Help:Heat-svg

From CECS wiki
(Redirected from Help:Heatmap)
Jump to navigation Jump to search

heat-svg is a locally written web application that shows status and utilization of gpus in a slurm managed cluster.

This tool is available from the local nvidia-heat repo.

Parameters[edit]

Add parameters to the end of the url after a ? separated by &'

For example

 heat-svg?size=fill&showhostname=1
mode
html or svg (use svg to embed as an image)
refresh
interval in seconds default=300, range=30-86000
usericon
number forcing the user icon on or off (default: off for svg, on for html); If you want your own icon, email Steve or send a message in slack. Icons may be randomly assigned if you don't supply one.
showclass
show cluster defined job class
showhostname
add hostname/gpu labels to the graph in additional to the popup
showidle
show utilization of gpus marked as idle in slurm instead of ignoring them
showuser
show information for jobs for listed users (comma separated)
showjob
show job information
showall
show all items if possible
cols
number of gpus per row (or all for one row)
rows
nubmer of rows when cols=all
size
size (width) of the graph in pixels (default=50%) or
full
allow browser to maximize to fit
fill
maximize width and height to fill browser window
w
maximize width
h
maximize height
key
1 to show key (default for mode=html), 0 to hide it
rangeinterval
(prometheus only) show utilization data for at most this interval (default=1d) (less if a job has been running less time)
fast
(0 or 1, default=1) fast shows only data from rangeinterval; otherwise data from the entire job history is used (with a 60% weighted average)
avgweight
running average weight as a percentage (>50% favors older samples)

Visual description[edit]

Gpus are represented by squares. Squares are marked to indicate gpu and slurm status.

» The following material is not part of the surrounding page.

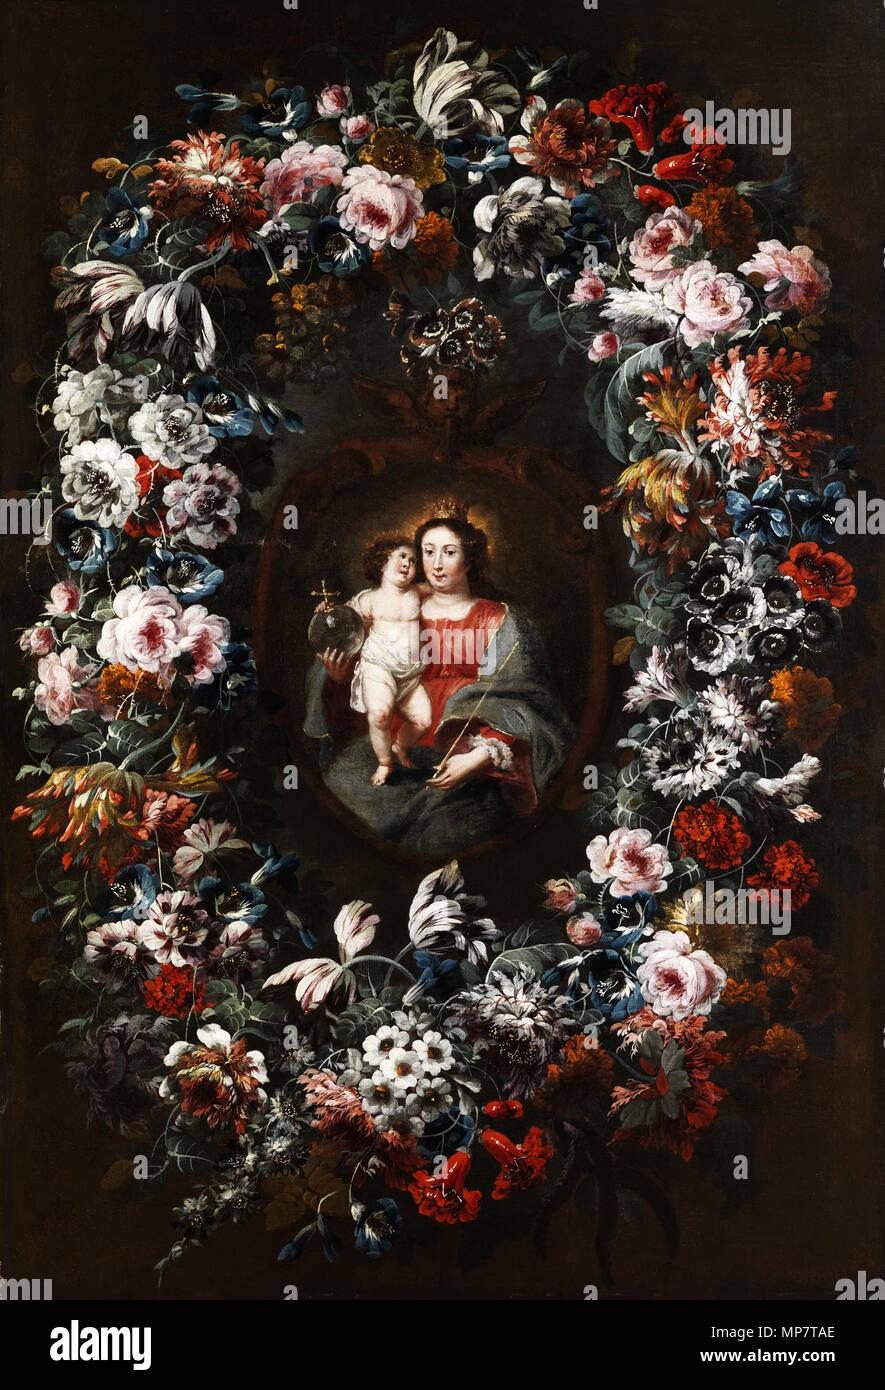 English: Virgin with Child in a large flower garland Deutsch ...
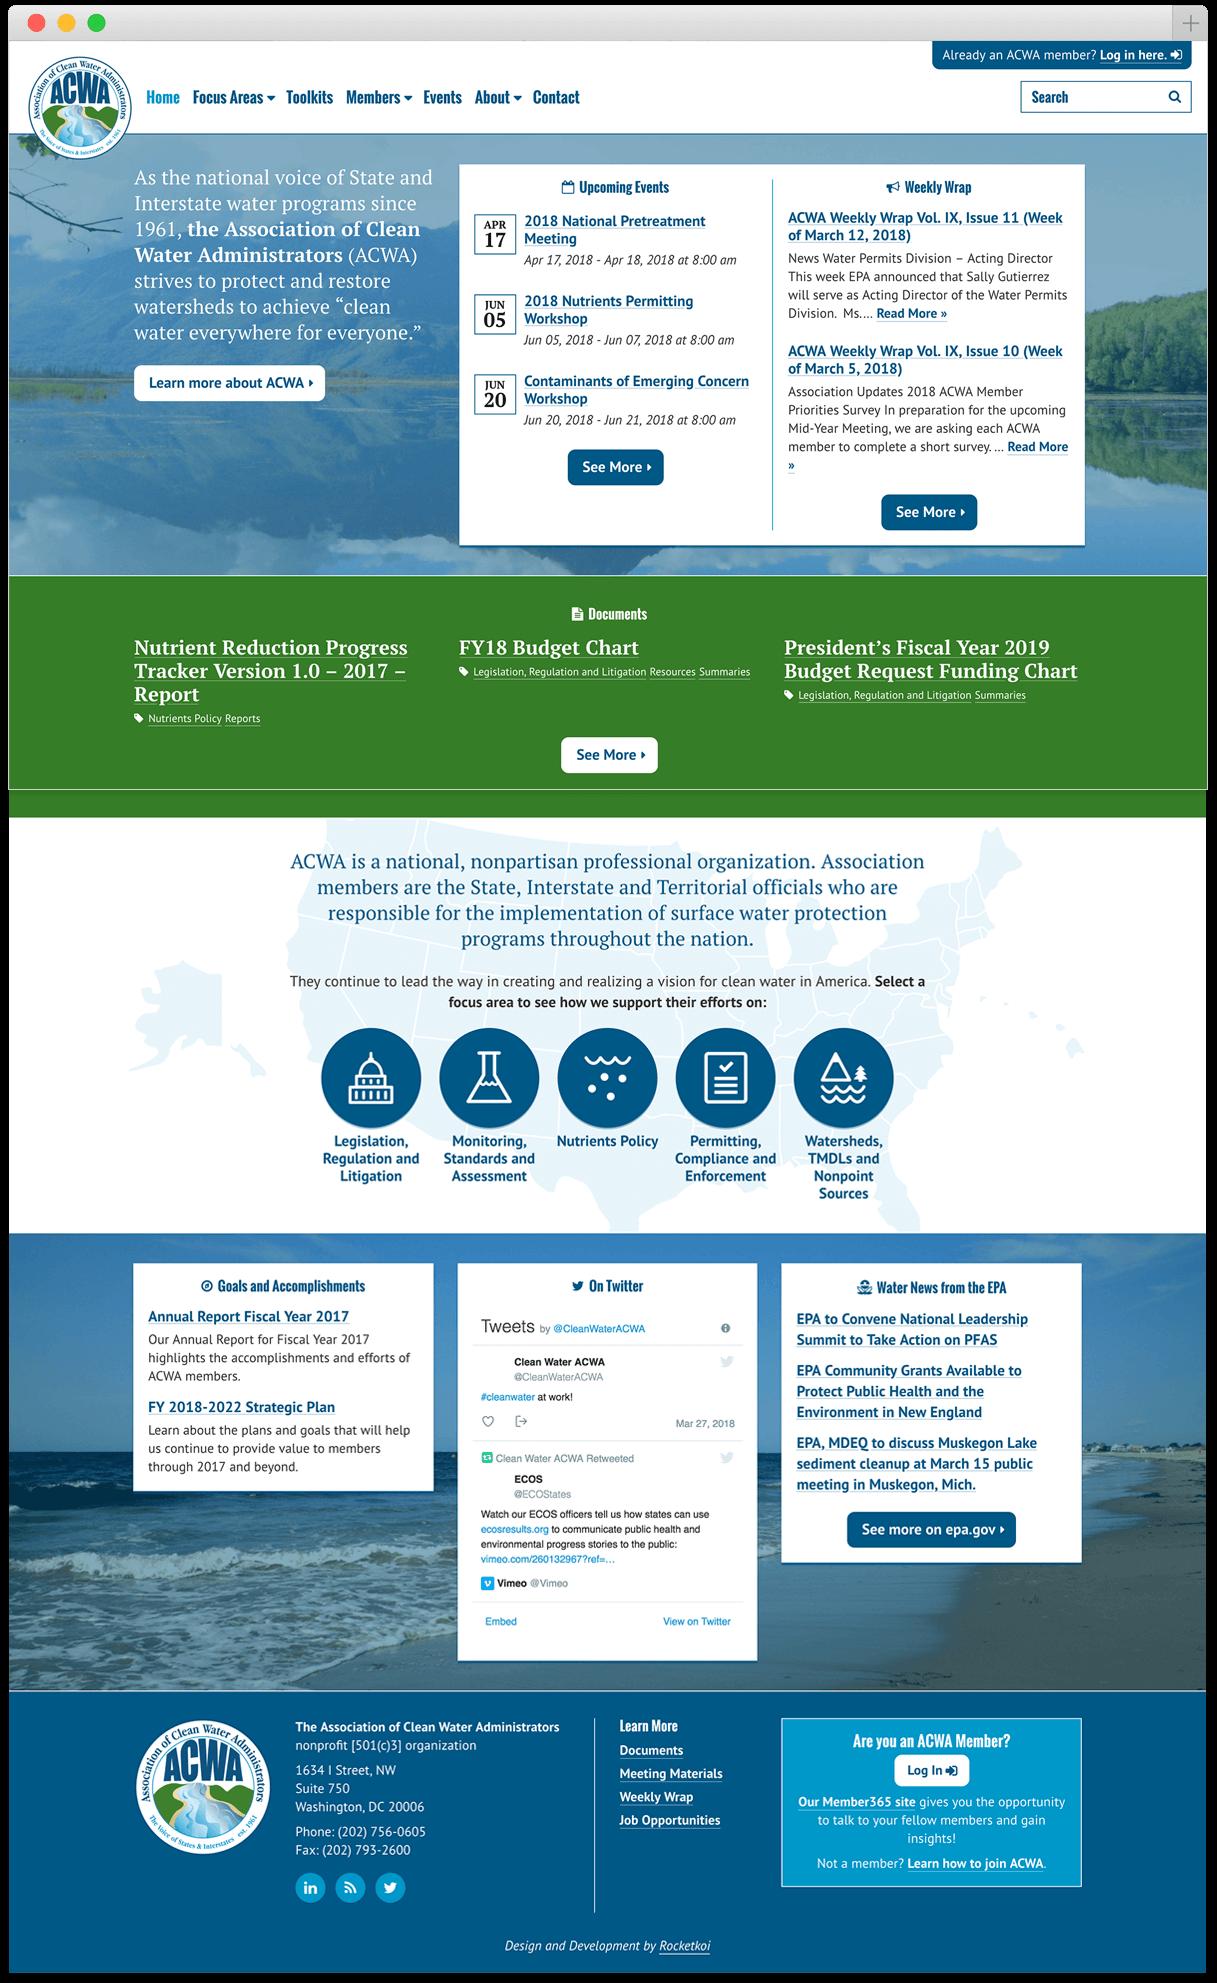 acwa-us.org homepage

The color represents the gpu utilization. For jobs in slurm, the color is the average over the runtime of the job. A running average over the last 15 minutes is also calculated and used for gpus not in slurm (showidle=1) and used as a center color for running jobs. A center dot represents the most recent sample.

Colors are selected with an emphasis on nearly idle and nearly saturated gpus. Tooltips on the key (and on individual gpus) give values and thresholds.

Diagonal lines from top right to bottom left indicate slurm gpu job state:

khaki
gpu is not managed by slurm
white
slurm thinks this gpu is idle
green
configuring
orange
completing
red
signaling
yellow
stage out
pink
stopped or suspended

Diagonal lines from top left to bottom right indicate unusual slurm node states:

dark blue
node is off due to slurm power management
light blue
slurm thinks this node is idle
goldenrod
node is marked as idle but not responding
red
node is marked as down or draining
greenyellow
completing (a job has completed and is being cleaned up)
pink
some error state
indianred
node is not responding to slurm or in an unknown state
orange
node is rebooting or powering up
fuchsia
unexpected state (see tooltip for details)

Data source and custom configuration[edit]

Data is collected from the following sources:

  • slurm job data
  • slurm node data
  • slurm accounting data
  • collectd graphs using the collectd_nvidianvml python extension
  • prometheus (alternate to collectd)

Additional system specific perl code can be used to customize this for a specific system. The config file is gpus.pl in the same directory as the collectd rrds.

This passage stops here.